I’ve tried the usual debugging steps (detailed below). Posting this to ask for a focused fix/diagnosis: is this a configuration issue (CSP / WOPI / proxy / headers / guest handling) or a bug in richdocuments / Nextcloud?

There is also an empty bar that seems to have to do with being a guest user at the bottom of the screen.

https://cloud.domain/s/(hash)?dir=/?dir=/&editing=false&openfile=true upon redirect.

image1797×380 33.6 KB

The Basics

• Nextcloud server version: 32.0.5.0
• Collabora / CODE: Collabora Online Dev Edition 25.04.8.1 (external) and built-in CODE also reproduces the issue.
• Nextcloud container internal IP: 172.19.0.6
• Collabora container internal IP: 172.19.0.5
• Public domains (anonymised): cloud.domain (Nextcloud public URL), office.domain (Collabora public URL)
• Reverse proxy: nginx 1.28.1 in front of the Docker stack (proxying to Nextcloud container on localhost)
• PHP version: PHP/8.3.30
• Operating system and version: Ubuntu 24.04.3 LTS
• Is this the first time you’ve seen this error? Yes, though I don’t know when it appeared for sure.
• When did this problem seem to first start? After upgrading to Nextcloud 32.x (exact minor update unclear, but issue did not exist previously)
• Installation method (e.g., AIO, NCP, Bare Metal/Archive, etc.) Docker Compose based on nextcloud:32.0.5 image **
• Are you using Cloudflare, mod_security, or similar? No. No CDN, no WAF, no mod_security. Only nginx reverse proxy in front of Docker, but Apache also runs in Docker container.

Summary of the issue you are facing

• Main File, Home, Insert, Layout, References etc. menu appears only for logged in users - doesn’t show up for anonymous (shared public link) sessions - editing area works and edits are saved.
• The toolbar/menu below is also sometimes partly hidden.
• Console shows a TypeError in GuestNamePicker.vue (reading .value of null).
• Collabora returns 404s for many /browser/<hash>/images/... assets.
• Nextcloud reports cURL timeouts when calling Collabora /cool/convert-to/png.

Steps to reproduce

1. Create a public share for a document and enable editing on the share.
2. Open the public share link in a browser (incognito recommended to avoid cached CSP).
3. The document loads and is editable, but the top editor menu/file menu is missing or unresponsive for the anonymous user.
4. Open DevTools → Console & Network to see errors (see logs below).
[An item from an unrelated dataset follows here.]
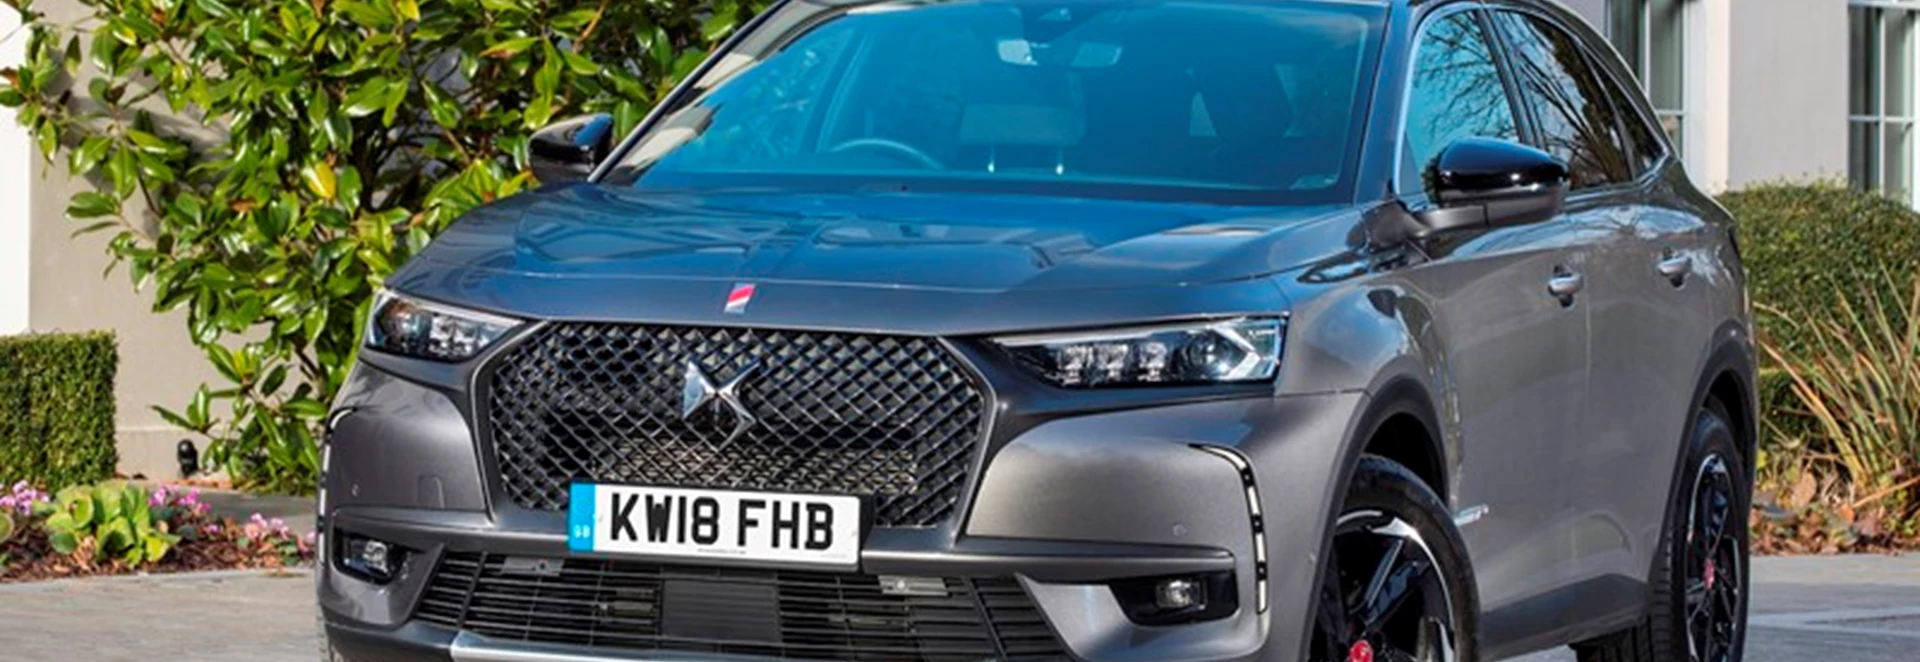 18 plate cars: Here’s the top 10 new reg cars

This reproduces with both:

• External Collabora at https://office.domain (WOPI external server)
• Built-in CODE (internal Nextcloud CODE) — same UX bug

Log entries

Nextcloud

"Failed to convert preview: cURL error 28: Operation timed out after 5002 milliseconds ... for https://office.domain/cool/convert-to/png"

Browser console (selected)

TypeError: Cannot read properties of null (reading 'value') at GuestNamePicker.vue:90
Loading failed for script https://office.domain/browser/<hash>/global.js  (blocked or 404)
Content-Security-Policy: blocked a script from office.domain (script-src)
Request for font "Ubuntu Sans" blocked at visibility level 2 (requires 3)

Collabora (selected)

WRN FileServerRequestHandler: File not found: Invalid URI request (hash): [/browser/<hash>/images/dark/lc_settings.svg]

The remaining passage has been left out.